State Key Laboratory of Biocatalysis and Enzyme Engineering, Hubei Hongshan Laboratory, Hubei Collaborative Innovation Center for Green Transformation of Bio-Resources, Hubei Key Laboratory of Industrial Biotechnology, School of Life Sciences, Hubei University, Wuhan, 430062, PR China.
Hubei Gongtong Steroid Drug Research Institute, Wuhan, 430073, PR China.
Nat Commun. 2023 Nov 16;14(1):7425. doi: 10.1038/s41467-023-43285-0.
The biosynthesis of neurotoxin aetokthonotoxin (AETX) that features a unique structure of pentabrominated biindole nitrile involves a first-of-its-kind nitrile synthase termed AetD, an enzyme that shares very low sequence identity to known structures and catalyzes an unprecedented mechanism. In this study, we resolve the crystal structure of AetD in complex with the substrate 5,7-di-Br-L-Trp. AetD adopts the heme oxygenase like fold and forms a hydrophobic cavity within a helical bundle to accommodate the indole moiety. A diiron cluster comprising two irons that serves as a catalytic center binds to the carboxyl O and the amino N of the substrate. Notably, we demonstrate that the AetD-catalyzed reaction is independent of the bromination of the substrate and also solved crystal structures of AetD in complex with 5-Br-L-Trp and L-Trp. Altogether, the present study reveals the substrate-binding pattern and validates the diiron cluster-comprising active center of AetD, which should provide important basis to support the mechanistic investigations into this class of nitrile synthase.

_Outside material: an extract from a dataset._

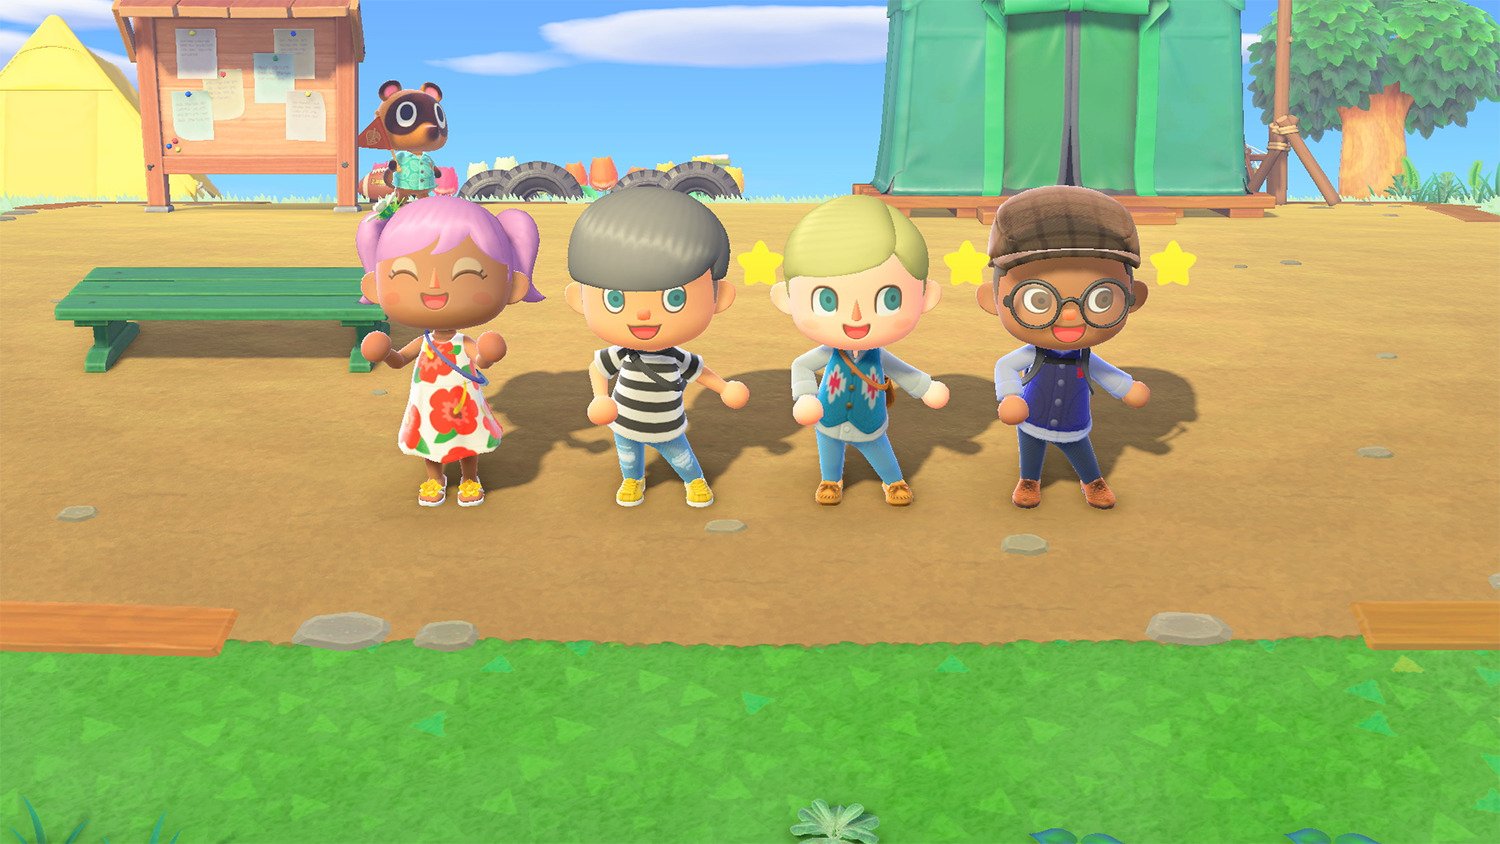 Four villagers in Animal Crossing: New Horizons

神经毒素 Aetokthonotoxin(AETX)的生物合成具有独特的五溴化双吲哚腈结构,涉及一种首创的腈合酶,称为 AetD,该酶与已知结构的序列同一性非常低,并催化前所未有的机制。在这项研究中,我们解析了 AetD 与底物 5,7-二-Br-L-Trp 复合物的晶体结构。AetD 采用血红素加氧酶样折叠,并在螺旋束内形成一个疏水性腔以容纳吲哚部分。一个由两个充当催化中心的铁组成的双核铁簇与底物的羧基 O 和氨基 N 结合。值得注意的是,我们证明 AetD 催化的反应不依赖于底物的溴化,并且还解决了 AetD 与 5-Br-L-Trp 和 L-Trp 复合物的晶体结构。总之,本研究揭示了底物结合模式,并验证了 AetD 的双核铁簇组成的活性中心,这应该为支持该类腈合酶的机制研究提供重要依据。